The Lady Gaga/”Star is Born” crowd has quieted down a tad. They’re in shock over the Golden Globes, Critics Choice and PGA Awards.

But today, the book is written anew. Will “The Academy” (as it always calls itself, even on its Facebook page) go its own way this year?

Will “A Star is Born” gets its (Gaga fan) entitled “due?”

Will “Roma,” a picture with no stars, no nominatable performances and shown (but not watched) on streaming give Netflix an Oscar just as it raises its prices and starts to feel the heat from the competition that will break its stranglehold on Streaming? (Peak Netflix, all downhill from here?)?

Do forgotten films like “First Man” have a prayer of making a dent? Might deflated prestige pictures like “Vice,” “Mary Queen of Scots” or even “Widows” see some Oscar love?

This year’s “Green Book” and (earlier) “Bohemian Rhapsody” affection make one wonder. Sure, Christian Bale seems a lock, Mahershala Ali, maybe Glenn Close. Maybe Olivia Colman. Lady Gaga.

Will both of Colman’s co-stars earn “Favourite” supporting actress nominations? That’s how Regina King, in a subtle, doesn’t-show-much turn in “If Beale Street Could Talk” has become the supporting actress favorite. Maybe they’ll just nominate Oscar winner Rachel Weisz or Oscar winner Emma Stone, both of whom dazzled.

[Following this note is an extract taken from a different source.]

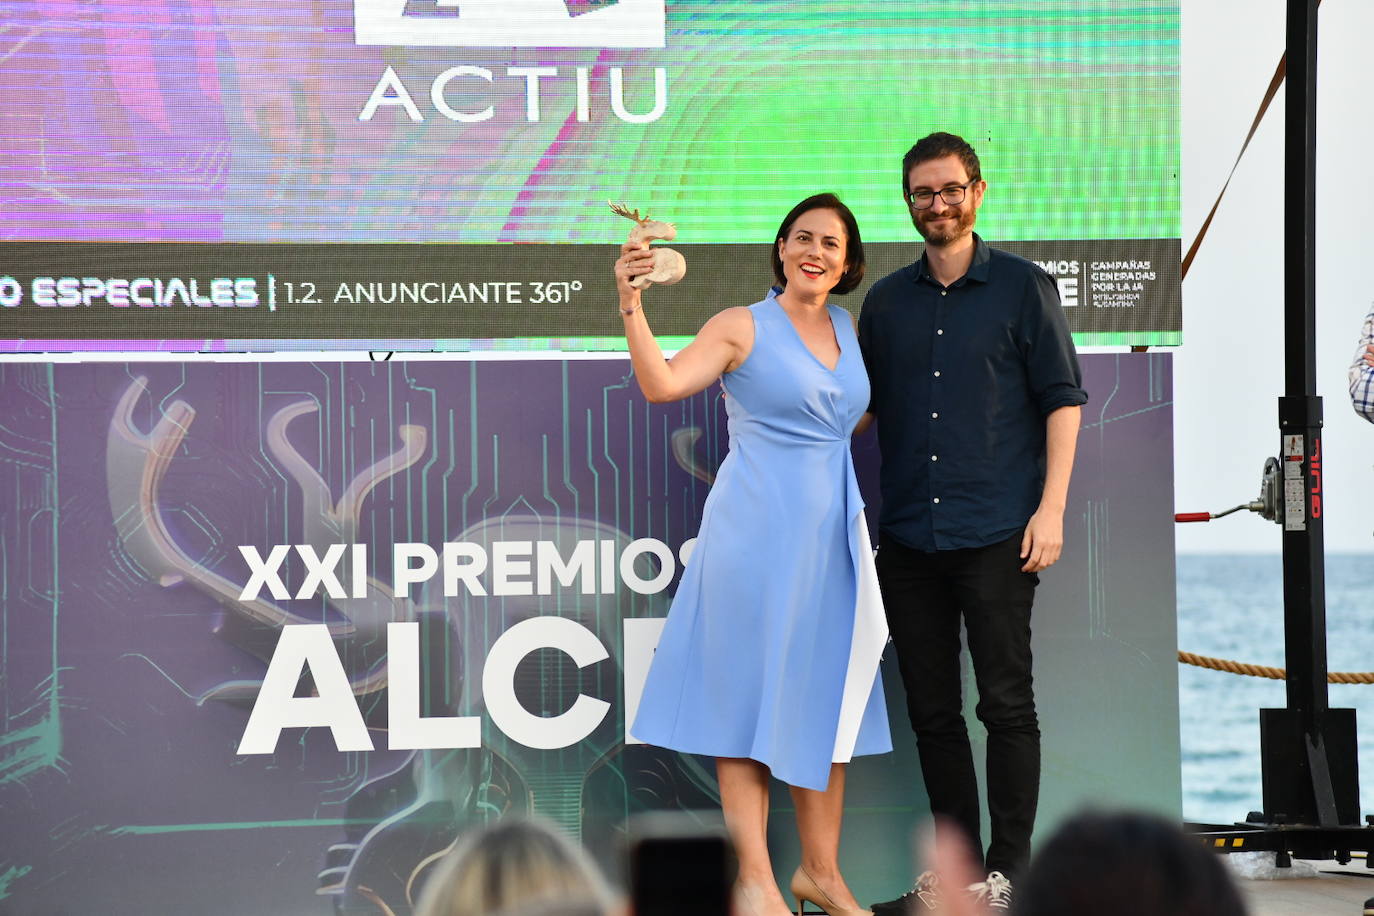 Así ha sido la entrega de la XXI edición de los Premios Alce en Alicante entregadas por la Asociación 361º

Will Amy Adams or Saoirse Ronan break through in one of those categories?

We just don’t know. This year has been all over the place.

You can live stream the Oscars wherever you are, via their Youtube page, or this year, their Facebook page. As I am in a cable free corner of NC at the moment, Youtube it is for me.

Anything to avoid ABC’s “Good Morning America” teases, tease outs and tedious “expert Oscar watchers.”

The Pre “Show” gets underway at 820.